NERRefiner
About 285 wordsLess than 1 minute
2025-10-09
📘 Overview
NERRefiner is a Named Entity Recognition (NER) optimization operator that uses the spaCy library to identify and mask specific entities in text (such as person names, locations, organizations, etc.).

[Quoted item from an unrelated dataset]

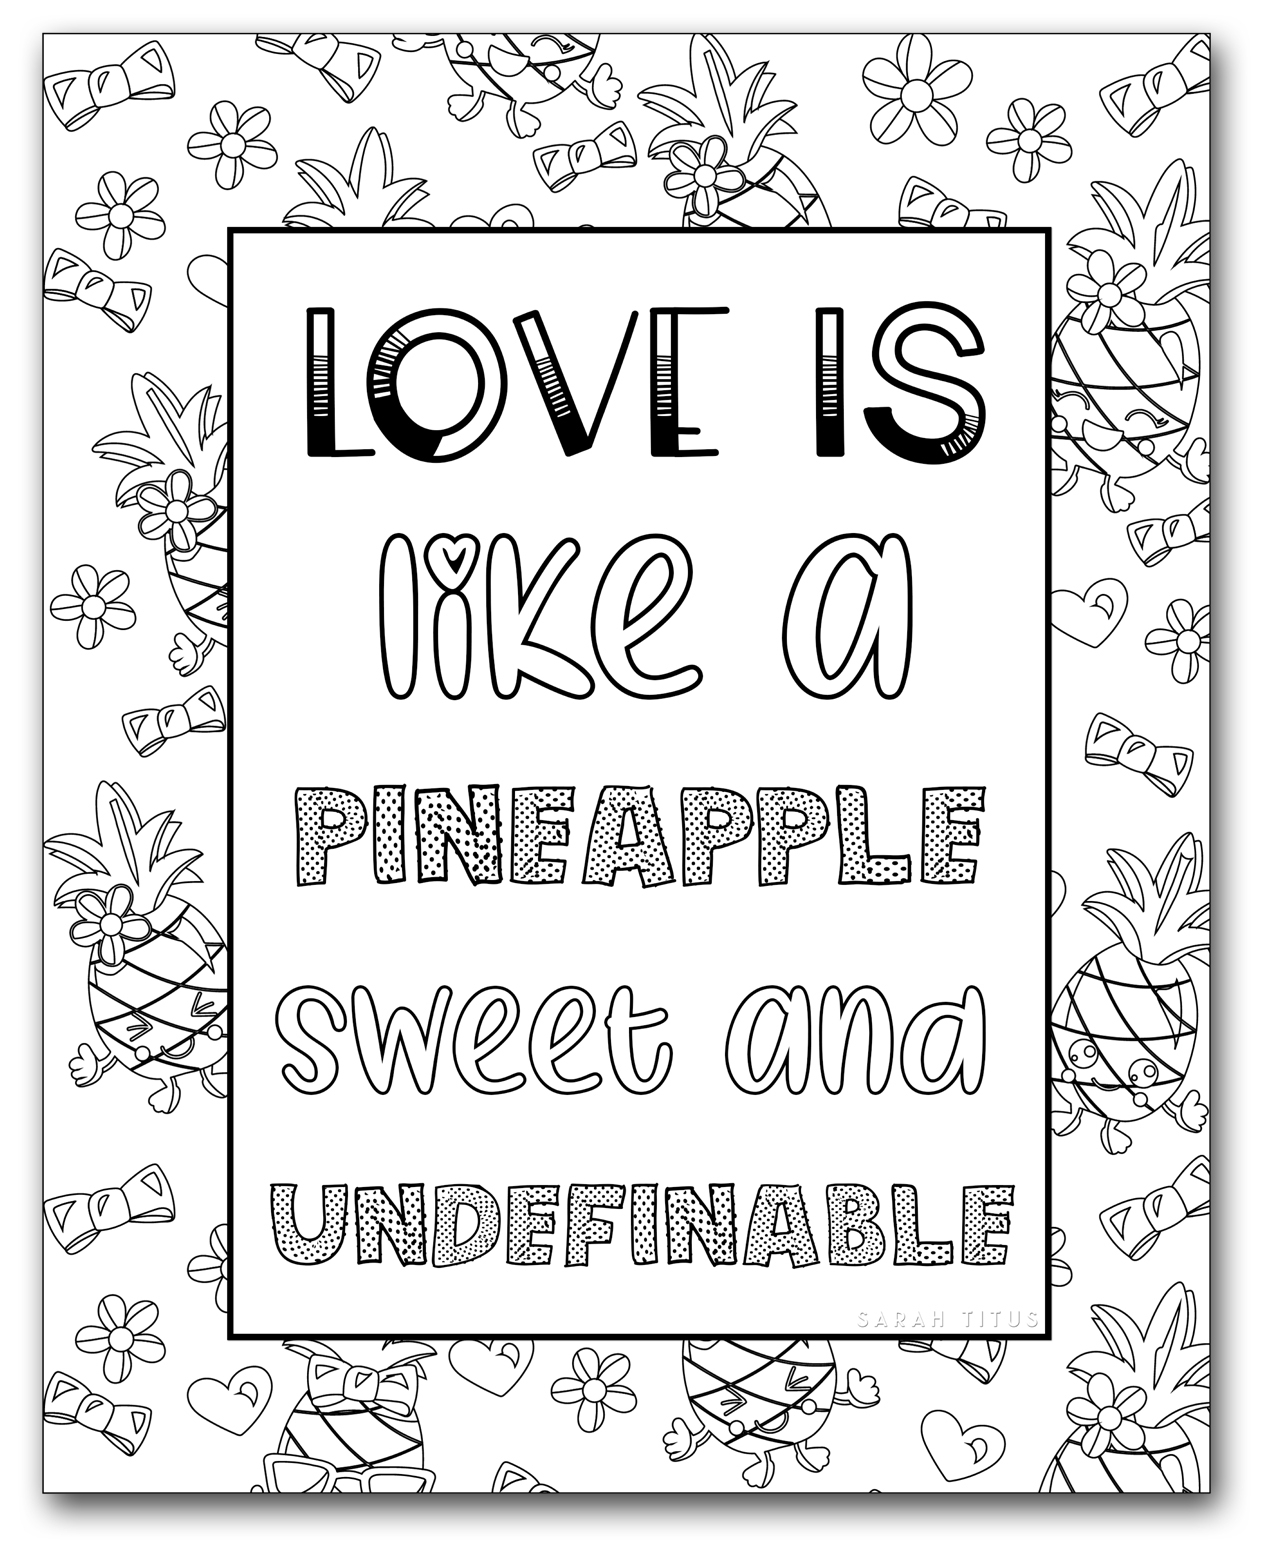 Printables Coloring Pages Printable Coloring Pages For Girls Sarah Titus

It achieves data anonymization or feature extraction by replacing identified entities with their type labels (e.g., [PERSON]), suitable for data preprocessing, privacy protection, and other scenarios.
init function
def __init__(self)This operator requires no parameters during initialization.
run function
def run(self, storage: DataFlowStorage, input_key: str)Parameters
| Name | Type | Default | Description |
|---|---|---|---|
| storage | DataFlowStorage | Required | Data flow storage instance for reading and writing data. |
| input_key | str | Required | Name of input column containing text for entity recognition and masking. |
🧠 Example Usage
from dataflow.operators.general_text import NERRefiner
from dataflow.utils.storage import FileStorage
class NERRefinerTest():
def __init__(self):
self.storage = FileStorage(
first_entry_file_name="./dataflow/example/GeneralTextPipeline/ner_test_input.jsonl",
cache_path="./cache",
file_name_prefix="dataflow_cache_step",
cache_type="jsonl",
)
self.refiner = NERRefiner()
def forward(self):
self.refiner.run(
storage=self.storage.step(),
input_key='text'
)
if __name__ == "__main__":
test = NERRefinerTest()
test.forward()🧾 Default Output Format
| Field | Type | Description |
|---|---|---|
| text | str | Text with named entities replaced by labels |
📋 Sample Input
{"text":"Apple Inc. is located in California"}
{"text":"John Smith works at Microsoft"}
{"text":"Visit Paris next summer"}📤 Sample Output
{"text":"[ORG] is located in [GPE]"}
{"text":"[PERSON] works at [ORG]"}
{"text":"Visit [GPE] [DATE]"}📊 Results Analysis
Sample 1: "Apple Inc." → [ORG] (organization), "California" → [GPE] (geopolitical entity) Sample 2: "John Smith" → [PERSON] (person name), "Microsoft" → [ORG] (organization) Sample 3: "Paris" → [GPE] (geopolitical entity), "next summer" → [DATE] (date)
Use Cases:
- Privacy protection and data anonymization
- Text anonymization
- Information extraction preprocessing
- Sensitive information masking
Notes:
- Uses spaCy's en_core_web_sm model
- Supports multiple entity types: PERSON, ORG, GPE, LOC, DATE, MONEY, etc.
- Only applicable to English text